This repository documents efforts to predict Spanish bilingualism using brainwave data collected from EEG measurements. The project combines exploratory data analysis, feature engineering, and machine learning to develop a predictive model.
This dataset consists of event-related potentials (ERPs) extracted from EEG recordings of 40 participants during a language processing study. Participants were exposed to carefully constructed word pair stimuli across four languages: English, Spanish, French, and German. The study aimed to elicit distinct ERP patterns, such as the N400, which are linked to semantic processing, to assess language proficiency.
Key objectives:
- Primary Goal: Predict Spanish bilingualism using ERP features.

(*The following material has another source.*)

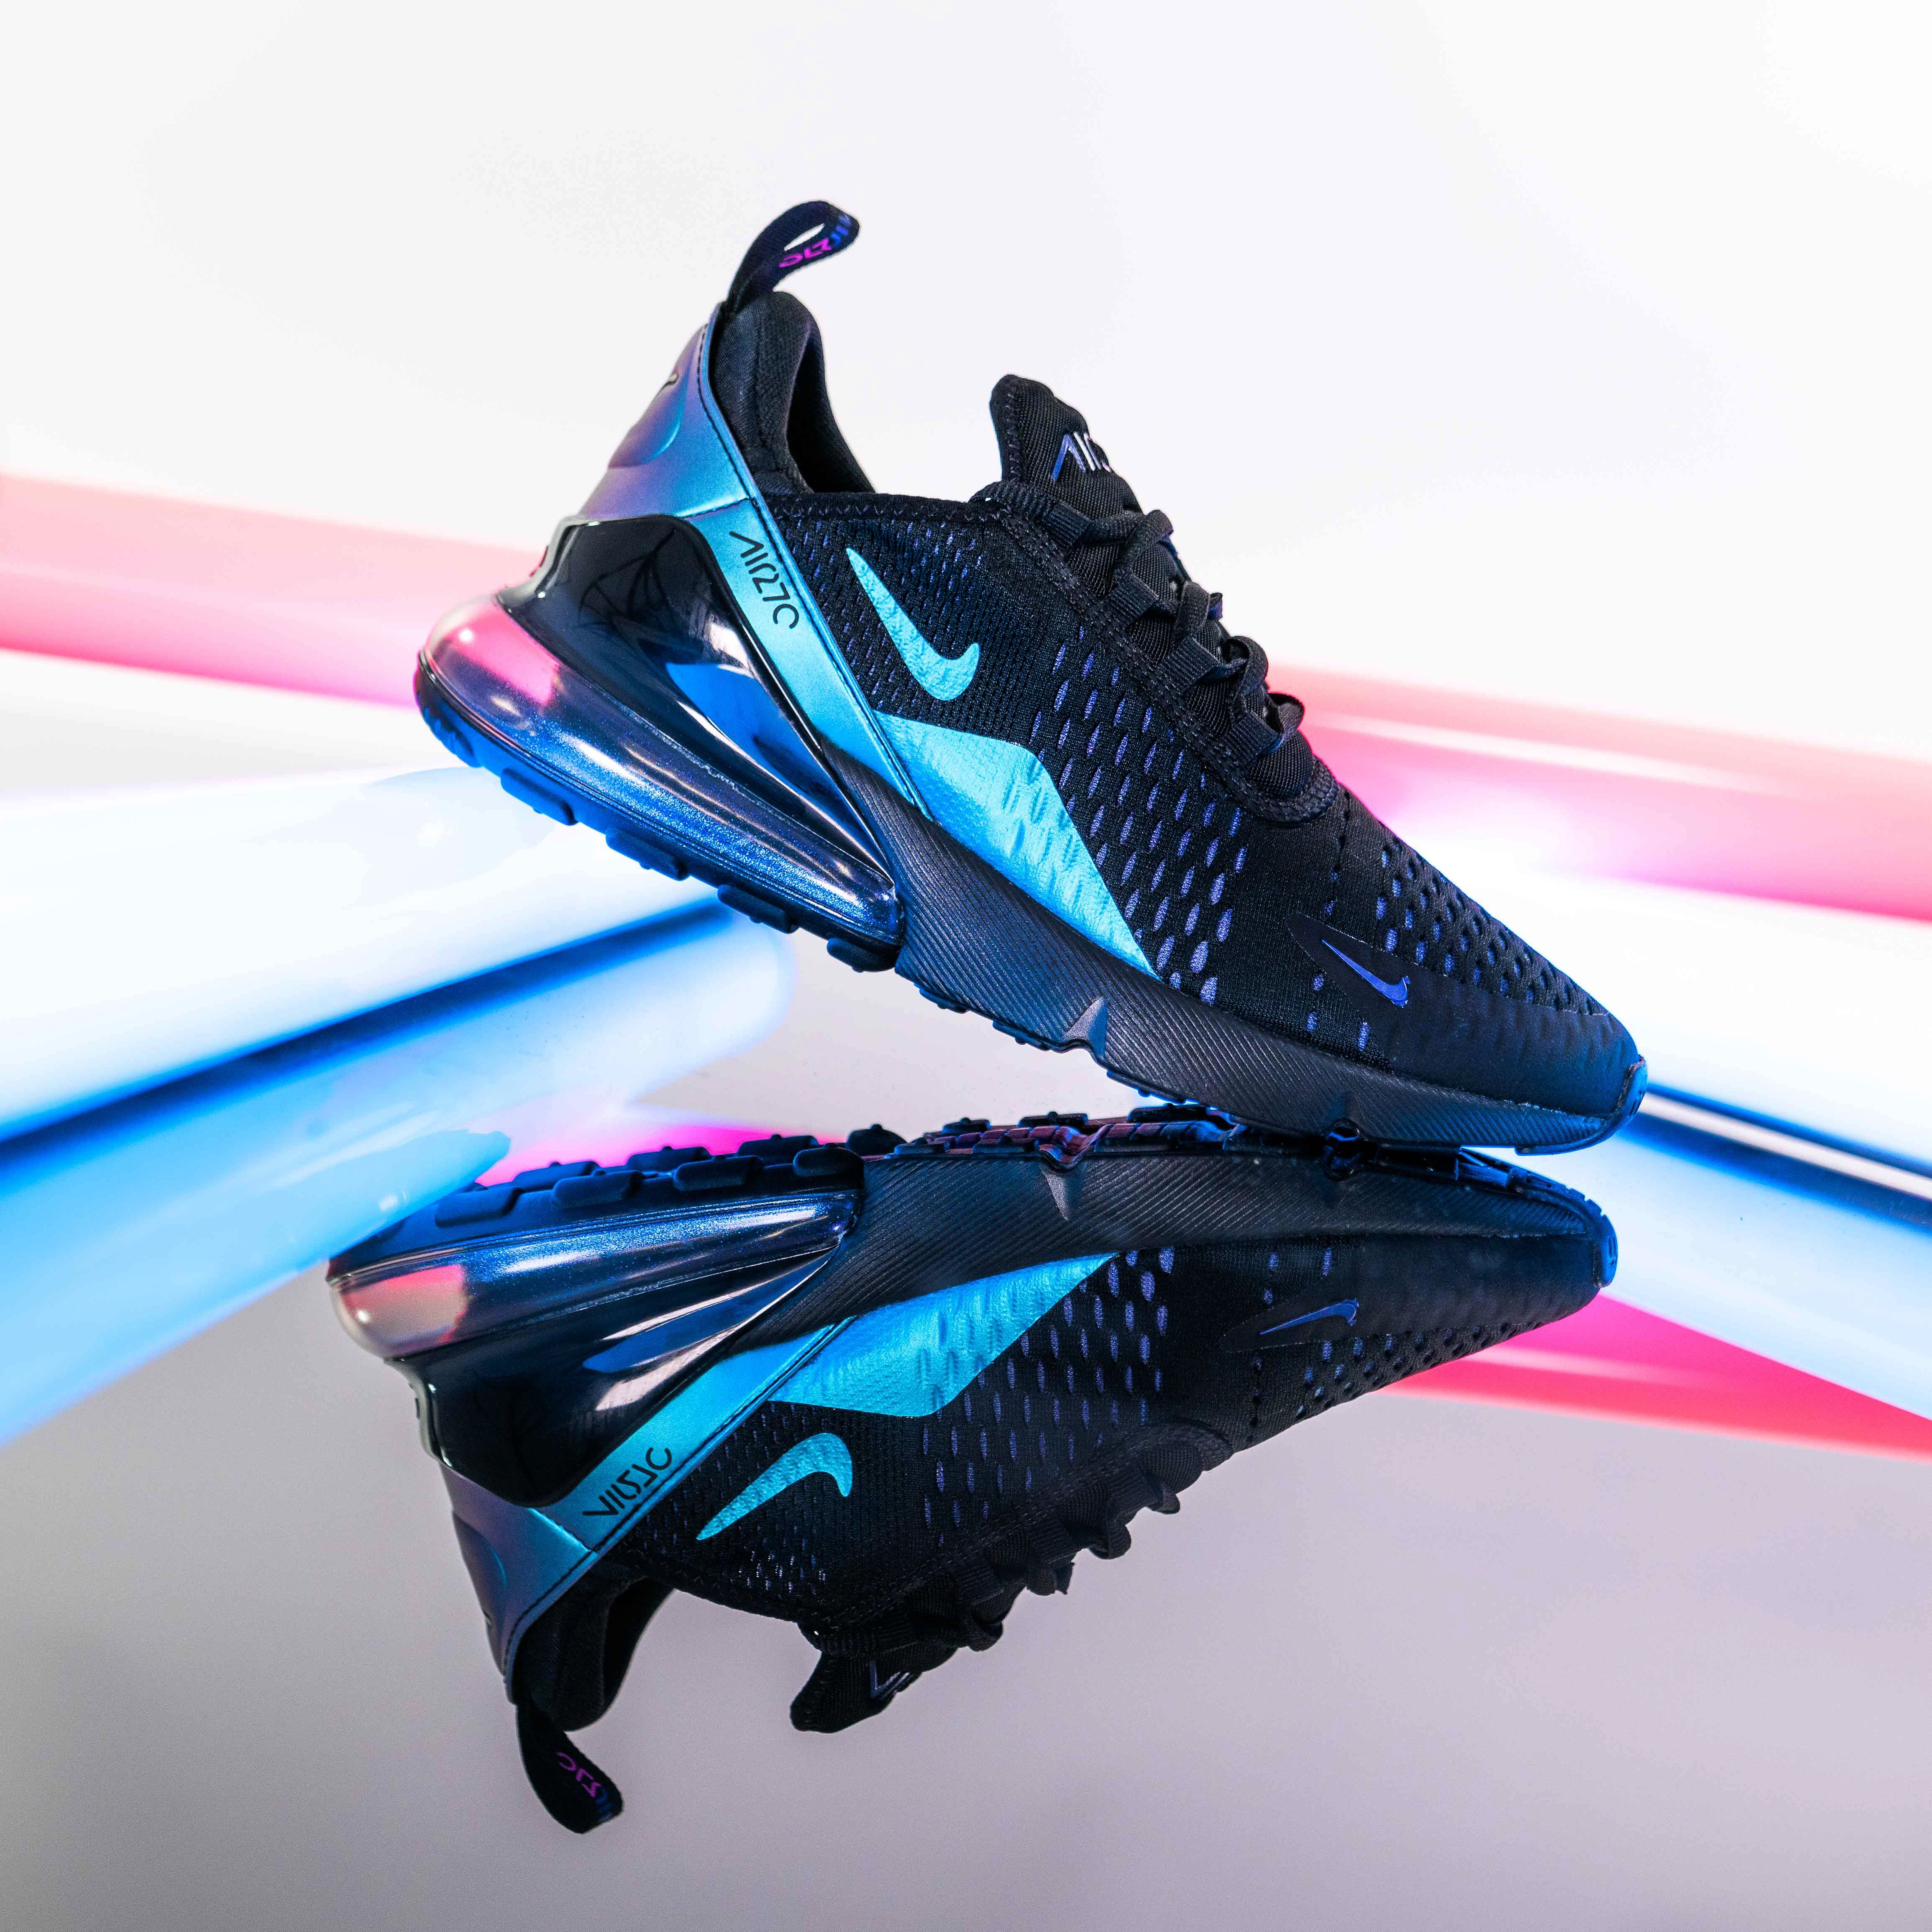 Nike Air Max 270 Throwback Future Black Nike Shoes Blue Black Nike Shoes Nike Air Max

- Bonus Objectives: Extend predictions to German or French bilingualism or bilingualism in general.
- Model Trust: Emphasize explainability, performance evaluation, and feature relevance.
- StandardScaler: Standardized features to have a mean of zero and unit variance, essential for models sensitive to feature scaling.
- SMOTE: Addressed class imbalance by oversampling the minority class (Spanish bilinguals) with synthetic examples.
- PCA (Principal Component Analysis): Reduced high-dimensional EEG data to principal components while preserving the variance.
- Recursive Feature Elimination (RFE): Iteratively removed irrelevant features to optimize model performance.
- Segmented ERPs into pre-stimulus and ERP component time windows (e.g., N400, P200).
- Analyzed the minimum and maximum amplitudes to capture meaningful variations in brainwave responses.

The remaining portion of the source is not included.